Se há, é fato, algumas projeções bastante
dignas realizadas nesse formato, é fato também que
a enorme maioria dessas projeções costuma atentar
contra a integridade da obra exibida, deformando muitas vezes
janelas, cores, texturas e sons. Nesta última edição
do Festival do Rio, entretanto, a qualidade de tais projeções
atingiu um nível intolerável, o que gerou uma enorme
repercussão entre críticos, cinéfilos e o
público não-especializado que frequentou o evento.
A partir desse incômodo, os membro do Fórum da Crítica
- entidada que congrega críticos de cinema de todo o país
e do qual faz parte a Cinética - redigiu a carta abaixo,
como forma de protesto e chamamento à ação
e responsabilidade por parte daqueles envolvidos na projeção
digital no país.
Se estiverem de acordo com o exposto na
carta abaixo, convidamos nossos leitores a se juntarem a nós
no abaixo
assinado criado para tal, além de exigirem seus direitos
junto aos distribuidores e exibidores sempre que se sentirem lesados
por tais projeções.
***
A projeção digital chegou
ao Brasil com a missão de democratizar o acesso aos filmes
e libertar os distribuidores da dependência de cópias
em 35 milímetros, cuja confecção e transporte
são notoriamente caros. A instalação de projetores
digitais permitiria ao público assistir a títulos
que dificilmente seriam lançados nas condições
tradicionais e ainda ofereceria condições para que
espectadores situados longe do eixo Rio-São Paulo (onde
se concentram quase 50% das salas de cinema do país) tivessem
acesso aos mesmos títulos simultaneamente.

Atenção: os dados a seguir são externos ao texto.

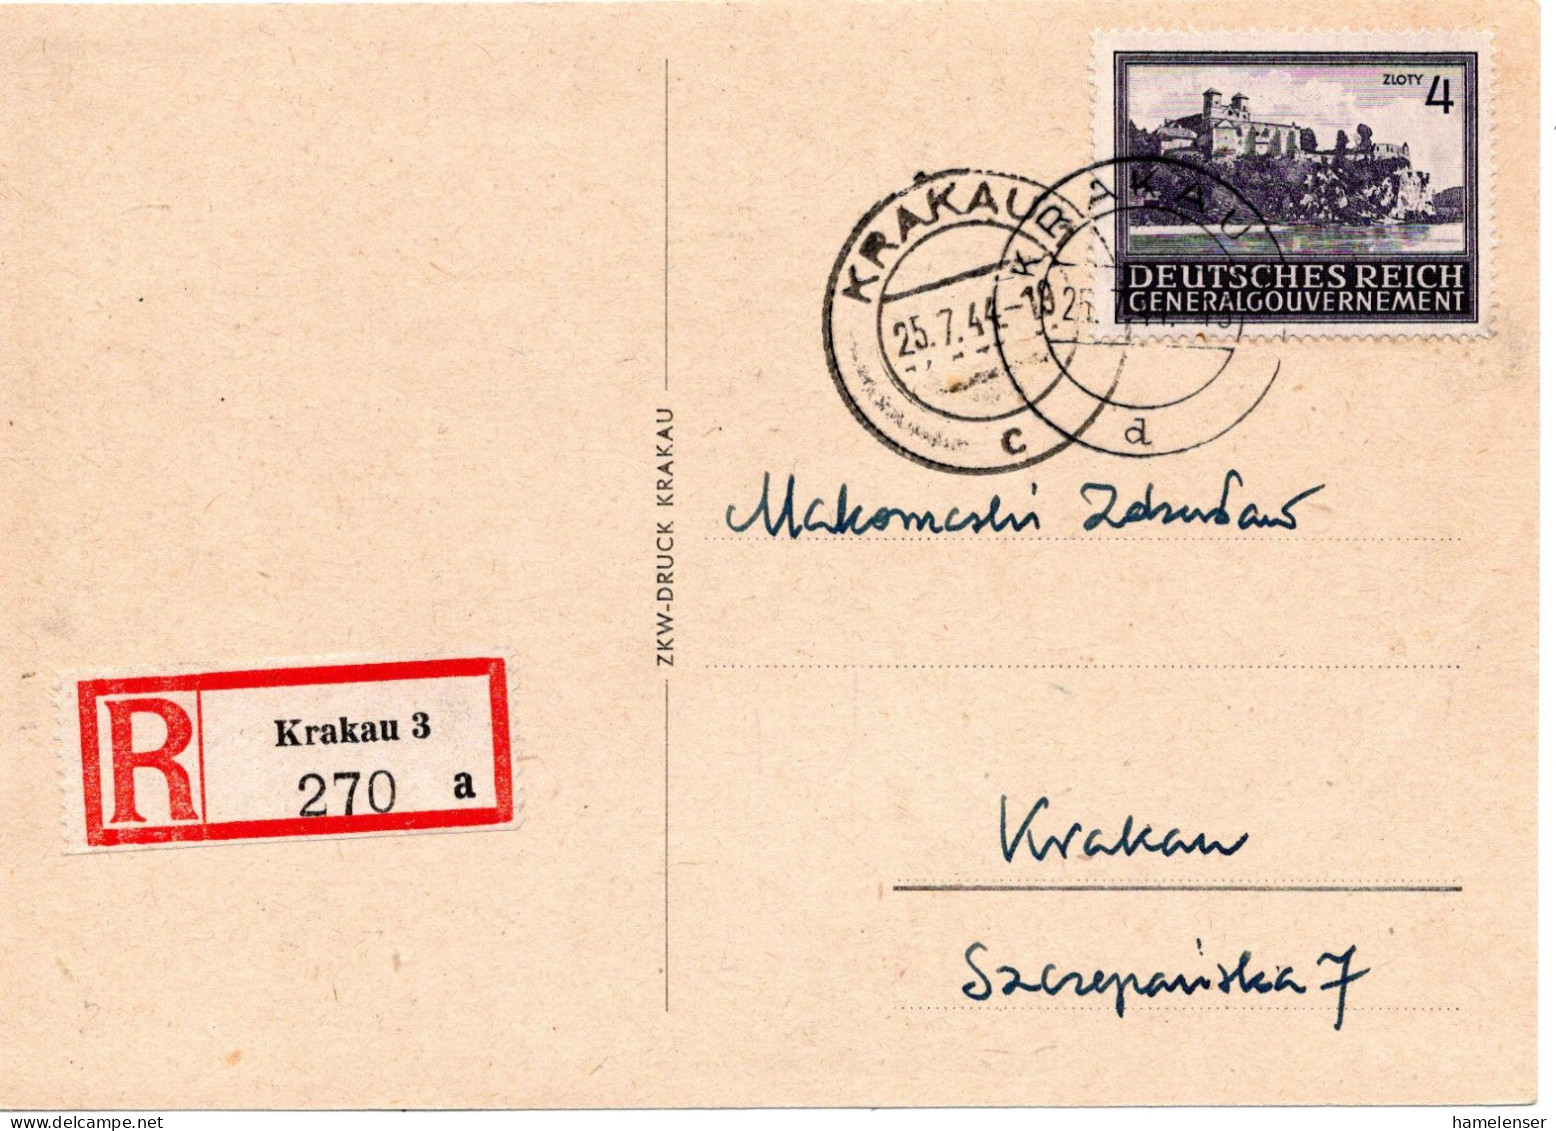 61154 - Deutsches Reich / Generalgouvernement - 1944 - Zl.4 Bauwerke EF A OrtsR-AnsKte KRAKAU - General Government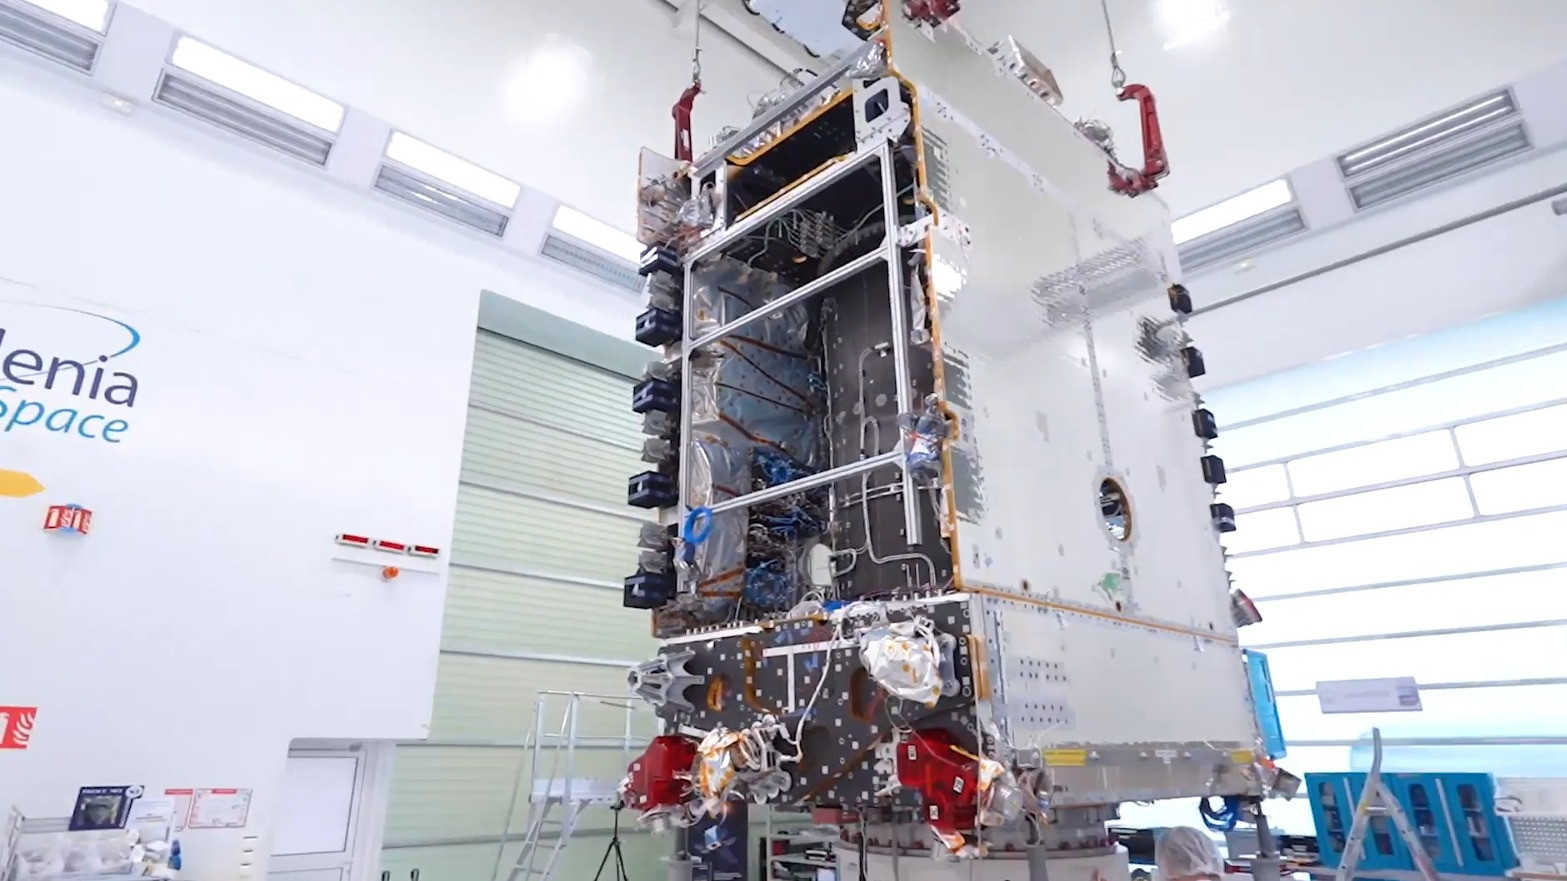 Ditenagai oleh platform mutakhir Spacebus 4000B2 dan memiliki masa pakai desain selama 15 tahun, satelit ini merupakan hasil kerja sama Thales Alenia Space dalam hal pabrikasi dan fasilitasi peluncuran yang mulus oleh SpaceX

O que estamos vendo, no entanto, é uma total falta de
respeito ao espectador no que se refere à exibição
do filme propriamente dita. As razões são basicamente
duas: projeções incapazes de reproduzir fielmente
os padrões de cor e textura da obra e/ou projeções
incapazes de exibir os filmes no formato em que foram originalmente
concebidos. Sem falar no som, que muitas vezes ganha uma reprodução
abafada, limitada ao canal central, muito diferente de seu desenho
original.
A adoção da projeção digital pelos
dois maiores festivais internacionais do Brasil (o Festival do
Rio e a Mostra de São Paulo) e por outros festivais do
país, infelizmente, não respeitou o que seriam critérios
mínimos de qualidade de projeção de filmes
em cinema algo que é observado com atenção
em qualquer festival internacional que se preze. Trata-se de uma
situação particularmente alarmante tendo em vista
o papel de formadores de plateia que esses eventos desempenham.
Sucessivamente,
temos visto um autêntico massacre ao trabalho de cineastas,
fotógrafos, diretores de arte, figurinistas, técnicos
de som e até mesmo de atores. Apenas para citar um exemplo:
Les Herbes Folles, o novo filme de Alain Resnais, originalmente
concebido no formato 2:35:1, foi exibido no Festival do Rio, com
projeção digital, no formato 1:78. Isso representou
o corte da imagem em suas extremidades, resultando em enquadramentos
arruinados, movimentos de câmera deformados e rostos dos
atores cortados. Um pouco como se "A Santa Ceia", de
Leonardo Da Vinci, tivesse suas pontas decepadas, deixando alguns
discípulos de Jesus fora de campo e da história.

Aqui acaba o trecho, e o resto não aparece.